** Opening DATA PROVIDED block **

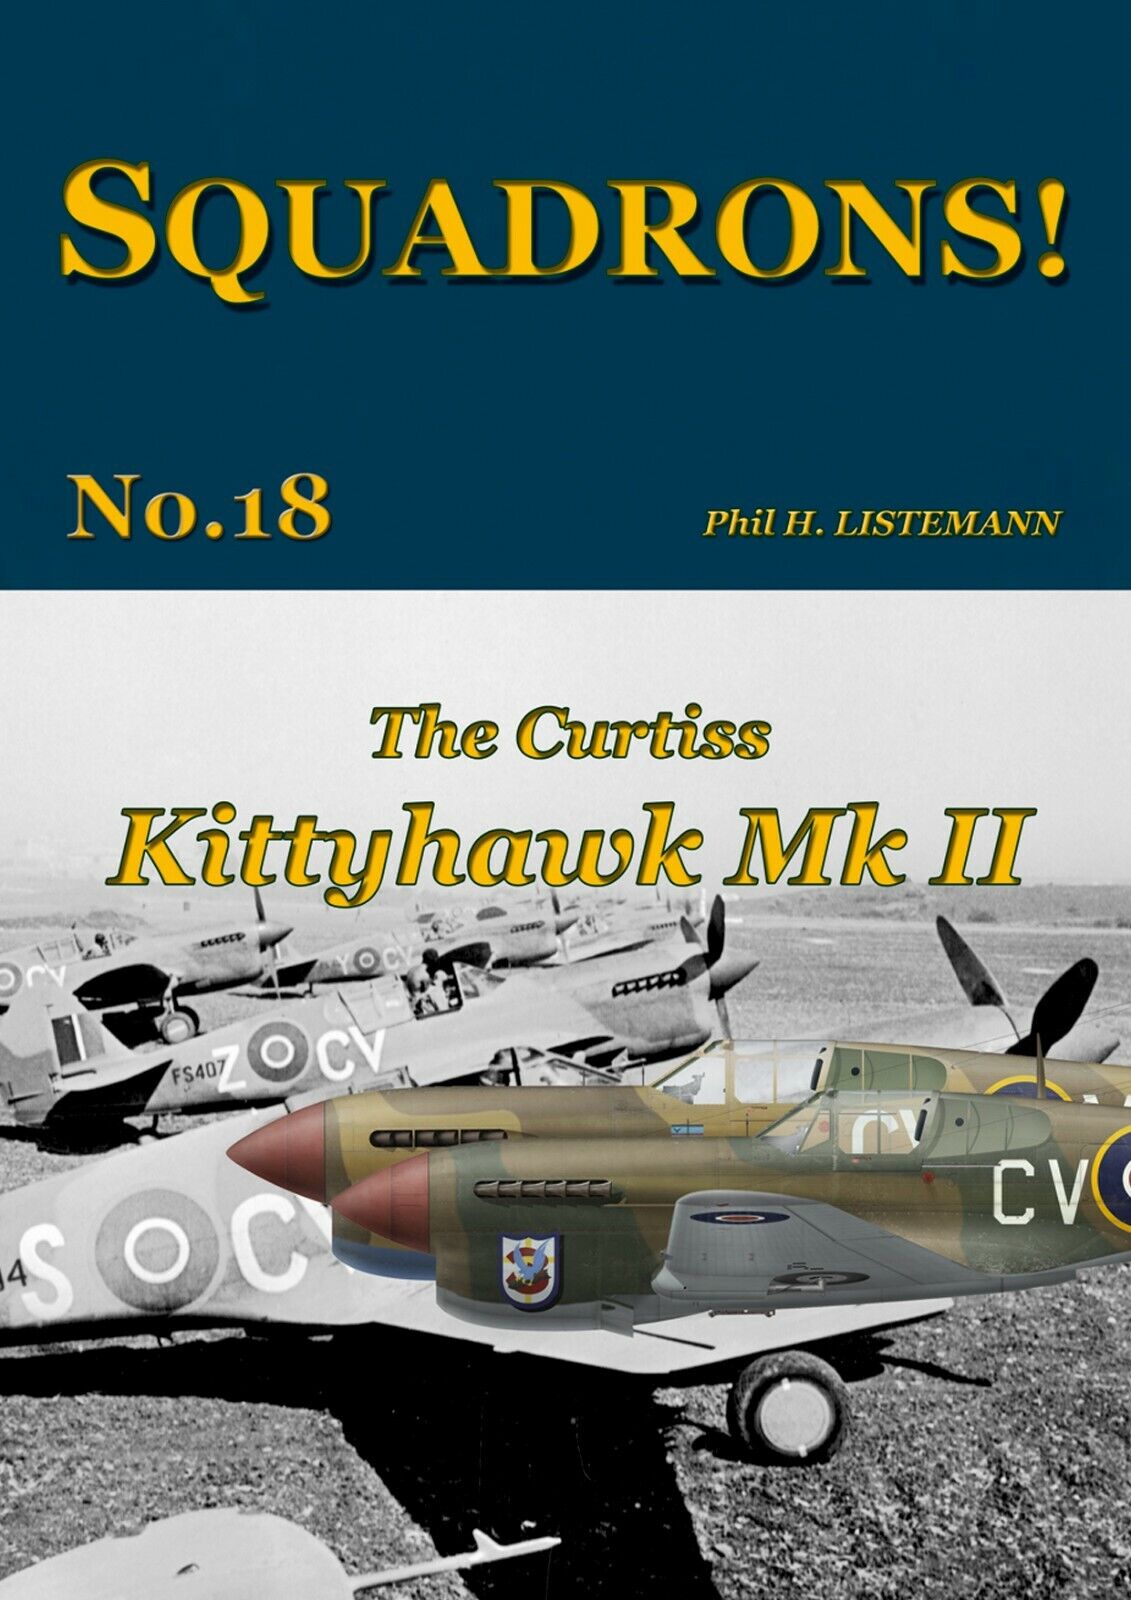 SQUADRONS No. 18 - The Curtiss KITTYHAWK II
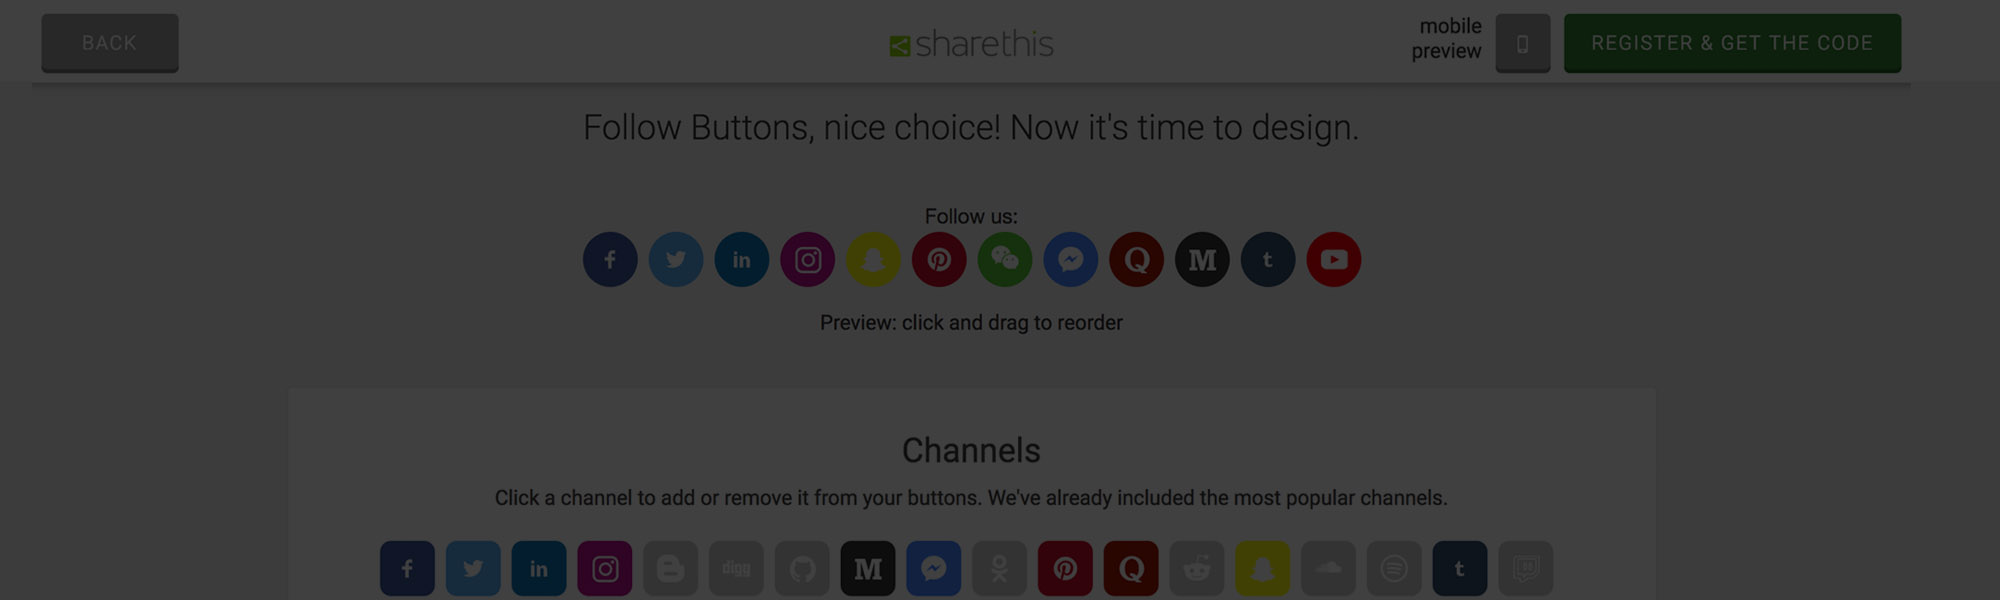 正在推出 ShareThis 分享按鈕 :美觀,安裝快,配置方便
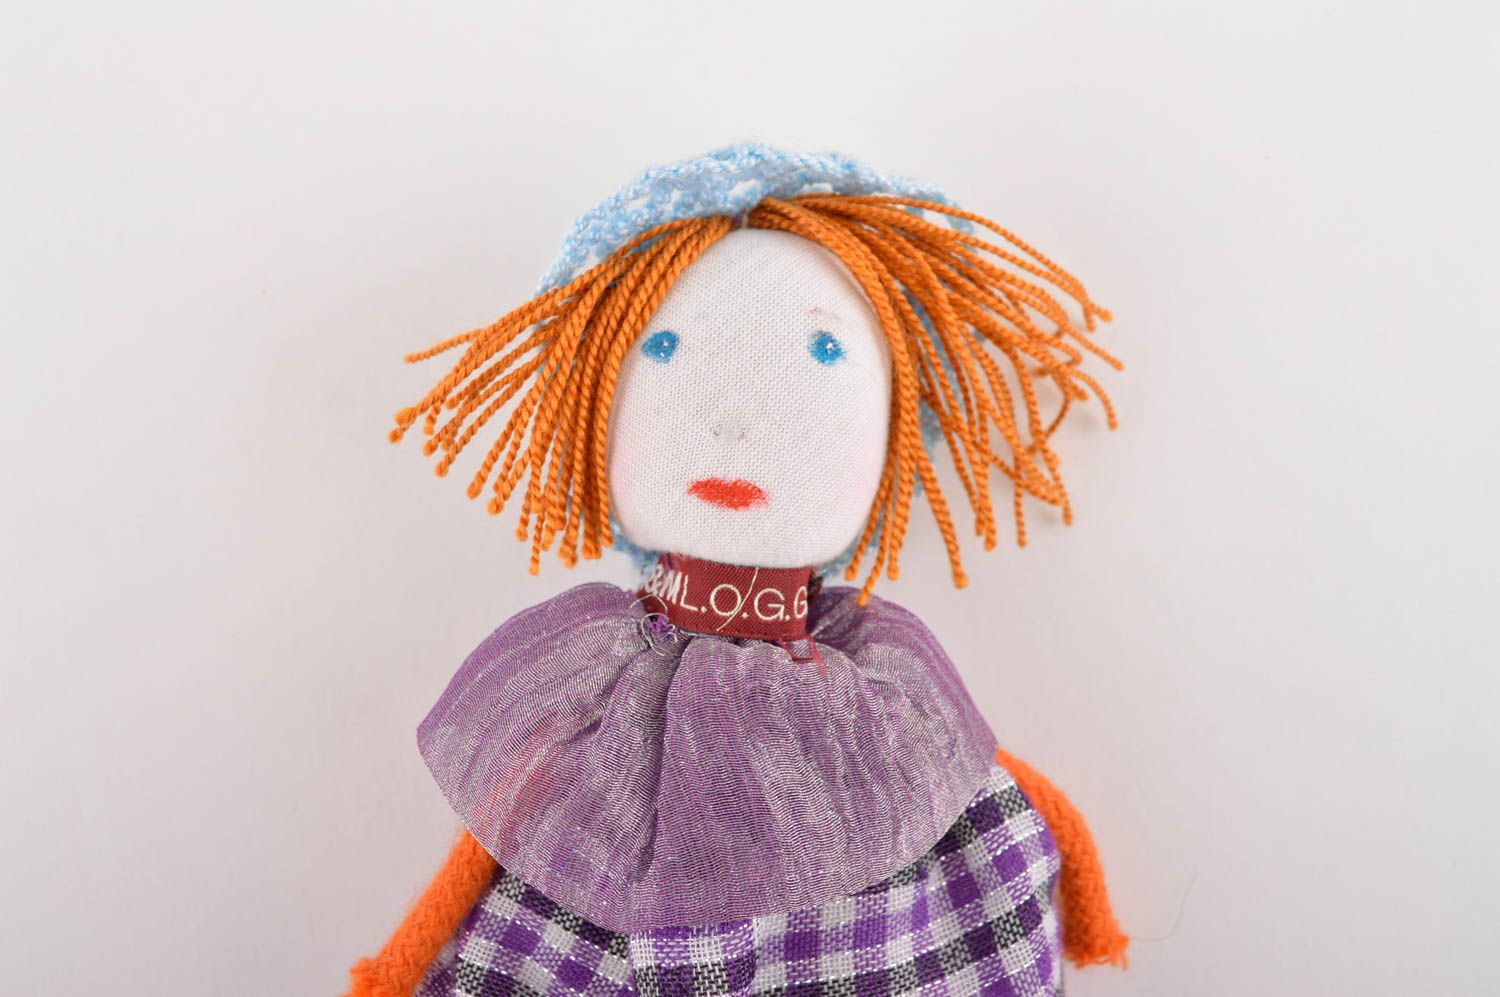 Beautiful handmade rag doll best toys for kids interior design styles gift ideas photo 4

** Closing DATA PROVIDED block **

## EXERCISE DETAILS
Only the pictures may be dropped when you copy the data above; everything else stays exact.

## YOUR RESPONSE
 SQUADRONS No. 18 - The Curtiss KITTYHAWK II
 正在推出 ShareThis 分享按鈕 :美觀,安裝快,配置方便
 Beautiful handmade rag doll best toys for kids interior design styles gift ideas photo 4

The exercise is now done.